## Instructions to follow
Please write out exactly, and only, the lines from the first in the material below to the line containing "Gangotri Temple Spiritual", both included.
Records for processing below:
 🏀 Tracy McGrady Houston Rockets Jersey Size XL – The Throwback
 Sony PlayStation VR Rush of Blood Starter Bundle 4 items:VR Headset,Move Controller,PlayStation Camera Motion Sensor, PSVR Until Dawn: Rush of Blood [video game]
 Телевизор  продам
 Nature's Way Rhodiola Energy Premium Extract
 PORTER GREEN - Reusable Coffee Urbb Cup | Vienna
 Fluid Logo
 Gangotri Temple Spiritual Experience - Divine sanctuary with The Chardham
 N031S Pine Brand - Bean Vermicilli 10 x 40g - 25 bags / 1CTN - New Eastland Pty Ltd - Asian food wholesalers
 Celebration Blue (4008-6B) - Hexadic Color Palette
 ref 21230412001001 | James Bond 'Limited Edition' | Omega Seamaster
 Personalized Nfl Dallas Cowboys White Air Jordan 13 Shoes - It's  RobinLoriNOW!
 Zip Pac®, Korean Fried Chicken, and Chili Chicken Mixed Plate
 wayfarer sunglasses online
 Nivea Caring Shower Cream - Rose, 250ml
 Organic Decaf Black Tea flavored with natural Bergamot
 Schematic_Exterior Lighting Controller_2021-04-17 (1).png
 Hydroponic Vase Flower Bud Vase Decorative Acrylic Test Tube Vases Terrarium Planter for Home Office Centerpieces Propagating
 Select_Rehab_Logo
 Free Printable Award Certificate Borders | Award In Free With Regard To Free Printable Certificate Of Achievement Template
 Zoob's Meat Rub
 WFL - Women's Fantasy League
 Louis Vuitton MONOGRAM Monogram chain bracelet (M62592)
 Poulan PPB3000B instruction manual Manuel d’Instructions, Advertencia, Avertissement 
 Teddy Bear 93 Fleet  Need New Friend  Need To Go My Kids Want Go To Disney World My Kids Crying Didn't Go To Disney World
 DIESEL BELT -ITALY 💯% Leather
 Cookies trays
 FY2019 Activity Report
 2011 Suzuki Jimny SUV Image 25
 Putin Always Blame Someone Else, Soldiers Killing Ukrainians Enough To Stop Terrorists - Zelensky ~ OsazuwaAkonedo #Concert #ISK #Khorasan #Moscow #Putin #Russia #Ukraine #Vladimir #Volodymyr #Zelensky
End of Records for processing.
## Task response
 🏀 Tracy McGrady Houston Rockets Jersey Size XL – The Throwback
 Sony PlayStation VR Rush of Blood Starter Bundle 4 items:VR Headset,Move Controller,PlayStation Camera Motion Sensor, PSVR Until Dawn: Rush of Blood [video game]
 Телевизор  продам
 Nature's Way Rhodiola Energy Premium Extract
 PORTER GREEN - Reusable Coffee Urbb Cup | Vienna
 Fluid Logo
 Gangotri Temple Spiritual Experience - Divine sanctuary with The Chardham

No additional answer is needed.